The negative impacts of the global economic downturn and the US mortgage problem destroyed this ambitious international expansion plan. The business must reflect on key lessons, review its approach to investing abroad, and understand how to manage risk going forward. (Ivashina, 2010)

Situational Analysis


Peter Ma, the supervisor of a minor, state-run security-fund company close to Shenzhen, in 1985. It concentrated on offering liability, property, and freight insurance. Ping An branched out into life insurance in 1994. The corporation built a variety of subsidiaries, including trust, health insurance, and annuities insurance providers, and acquired several banks as it evolved into a diverse financial services provider. Ping An has eight national subsidiaries by 2008. Ping An developed a cutting-edge company culture by fusing Western management theories with traditional Chinese philosophy. 68 of the top 100 executives at the corporation were hired from outside the country, in keeping with a company culture that blends the East with the West. Life insurance, property and casualty insurance, banking, and securities were the main contributing business units. The wealth management division did not contribute a sizable amount of revenue as of 2007. In 2005, Ping Ping Asset Management Company Ltd was established. China Ping Ping Asset-Management Hong Kong Co Ltd was also founded in June 2006.

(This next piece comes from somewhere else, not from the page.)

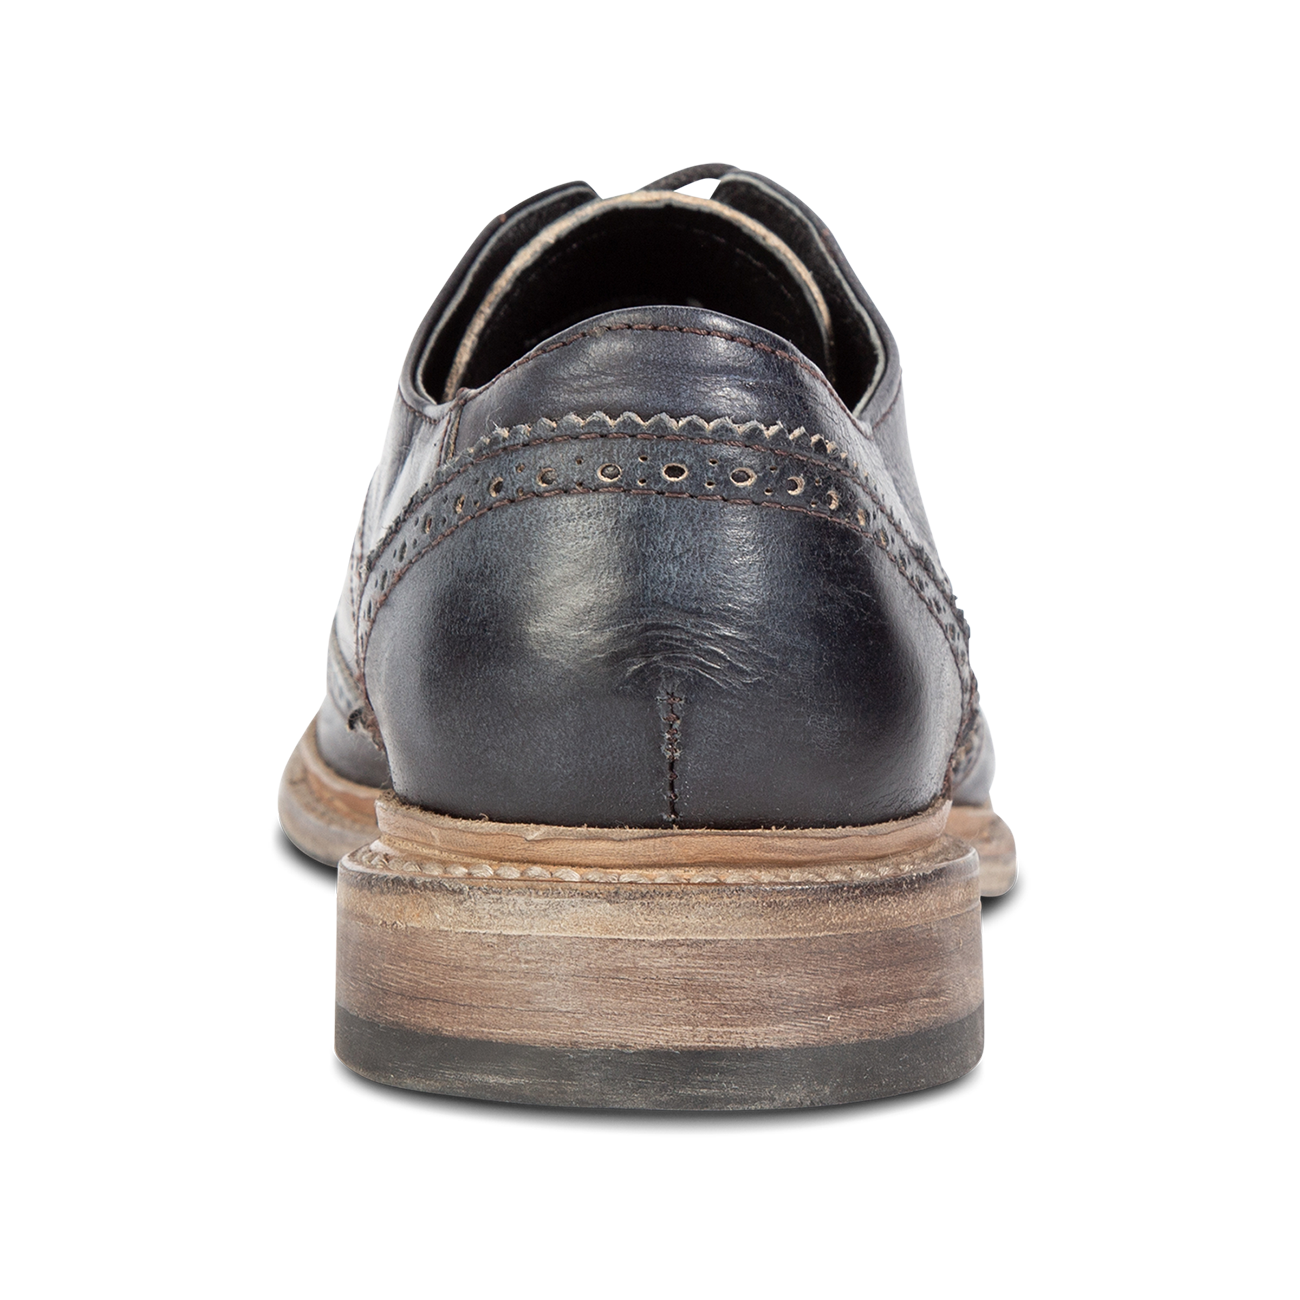 Back view showing low heel on FREEBIRD men's Kensington navy shoe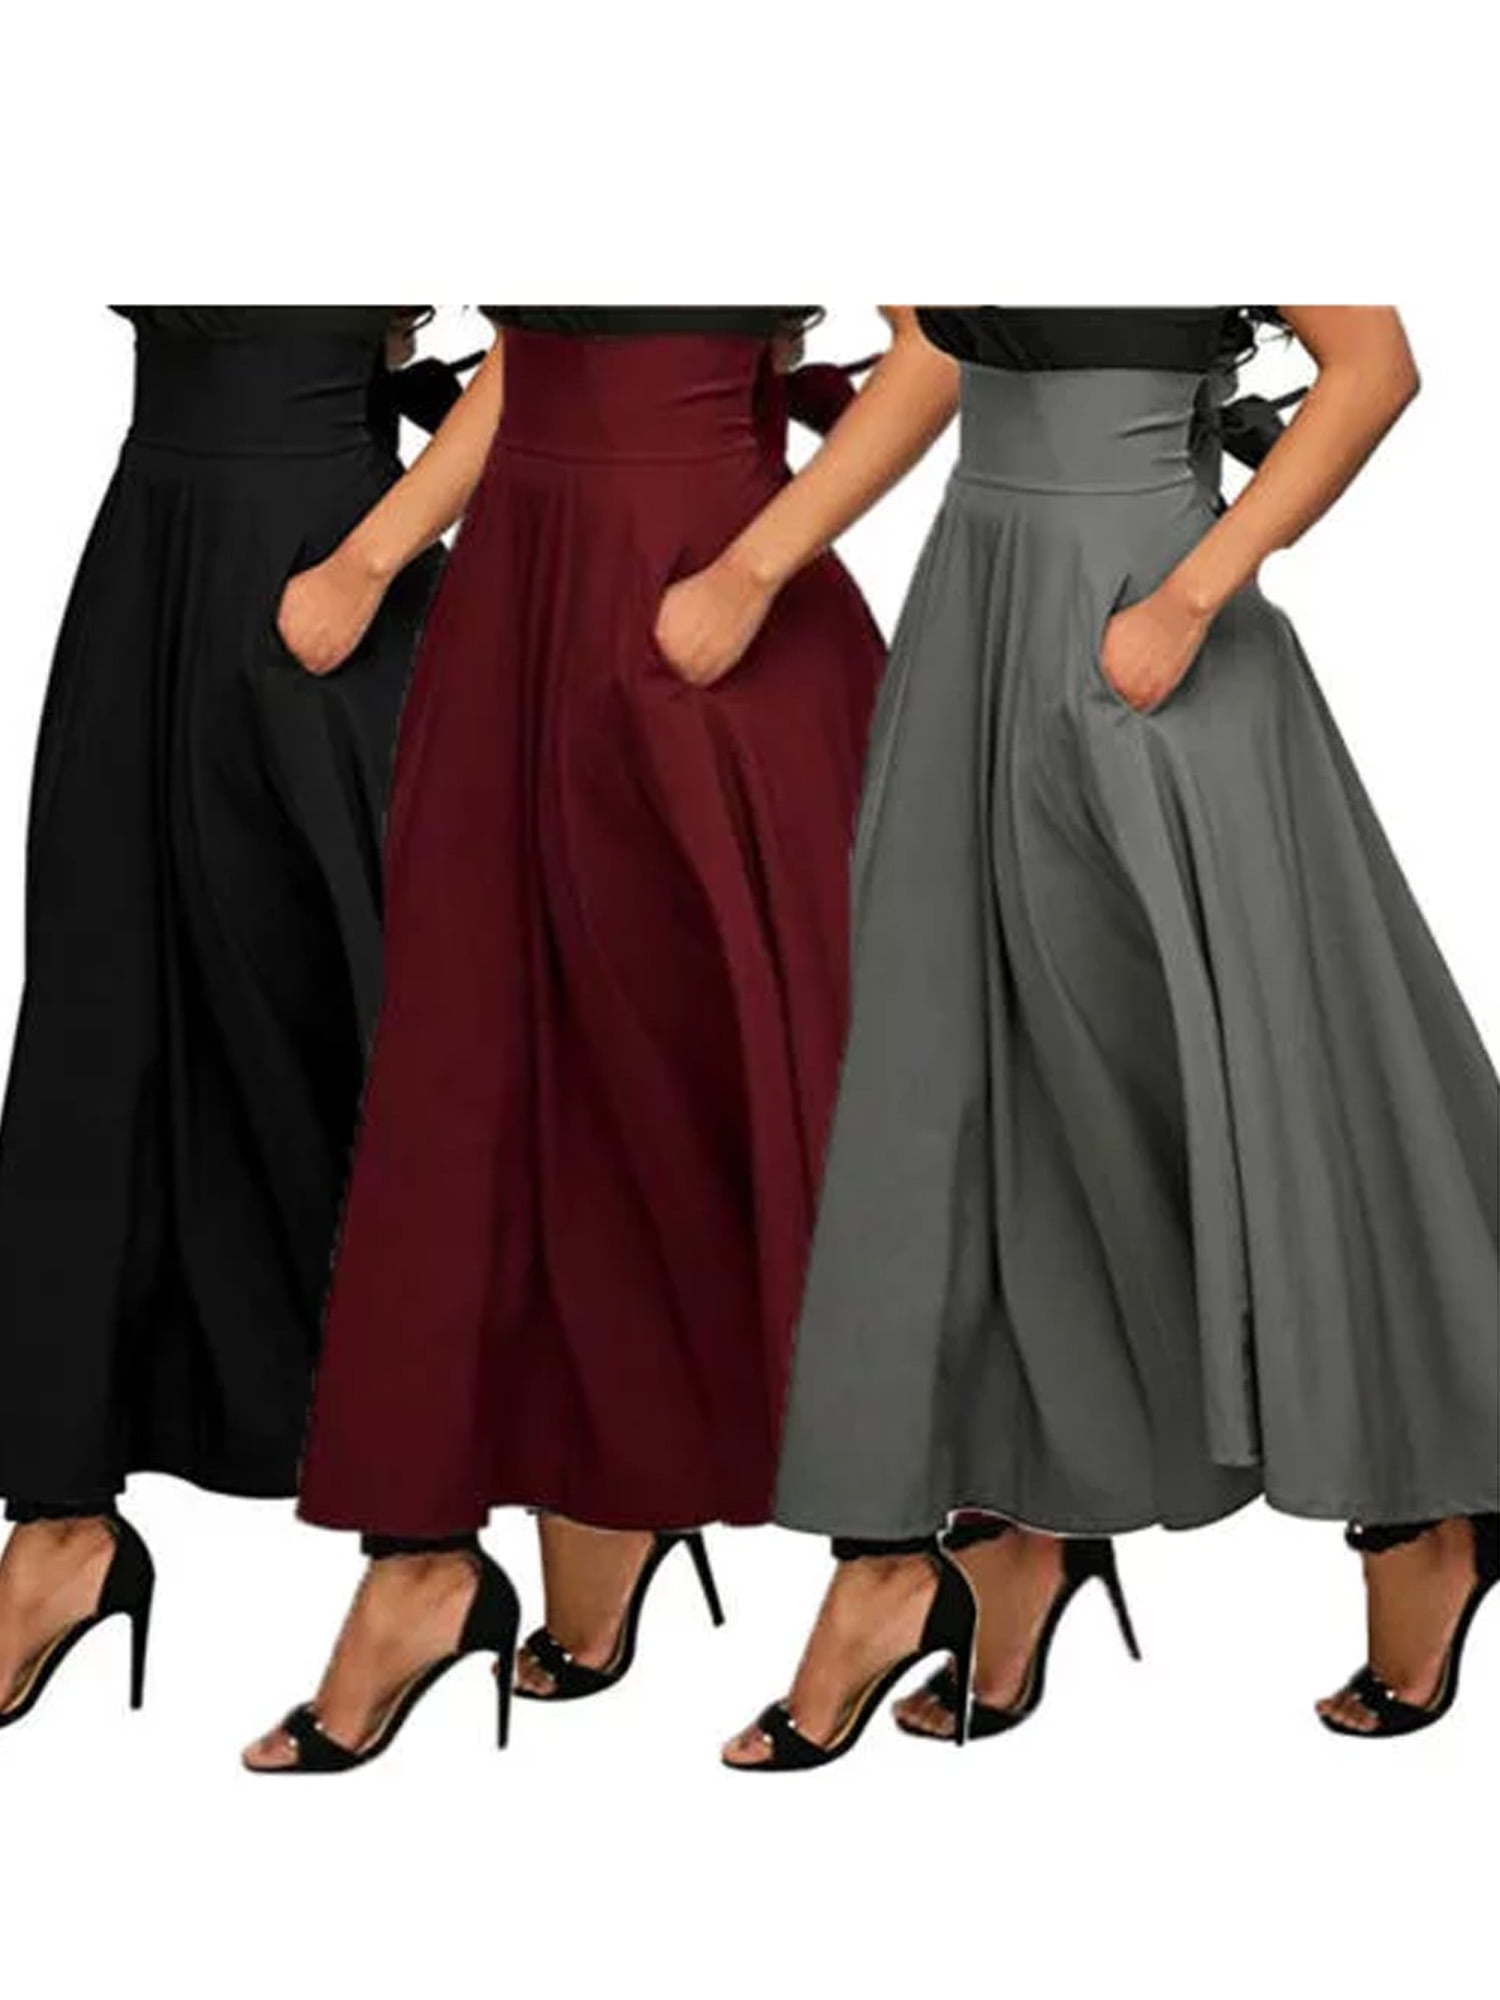 dress skirts

John Pearce, a former chief executive of Colonial First State Investments, the largest fund manager in Australia, was hired in January 2007 to serve as chairman and chief investment officer of Chinese Ping An Asset- Management (Hong Kong) Co. Ltd. With $49.0 US

Pearce intended to build and broaden the money management industry by entering international markets and compete to manage money for institutional investors using his $1 billion in internal resources.Ping An declared on November 29, 2007, that it had acquired a 4.2% holding in Fortis, making it the company's largest stakeholder. The shareholding was subsequently raised on January 22, 2008, to 4.99%.To prevent dilution, a second issue of 7.5 million additional shares were made on June 26, 2008, totaling US$3.42 billion. 46 The Ping An representative was asked to join the Fortis board of directors as long as their stake remained above 4%.

Fortis's stock was traded at a price-to-book ratio of 1.1x there at time of investment. Comparatively, domestic Chinese banks traded in the 3.0-4.0x range, whereas Hong Kong banks transacted in the 1.8-2.5x range. Following the announcement, Ping An shares increased by 6.73% while the Hang-Seng Index climbed increased by 3.92%.

According to a Goldman Sachs analysis, Ping An would gain in three different ways. The scope and products of Ping An's capital management would first be improved, with third-party asset management receiving special attention. Second, Ping An would learn skills in marketing, research, information technology, investment management, and product creation. Third, the joint venture may provide Ping An a competitive edge over local rivals in products for international investments and investments. Ma referred to the agreement as a crucial step in the company's three-pronged strategic plan.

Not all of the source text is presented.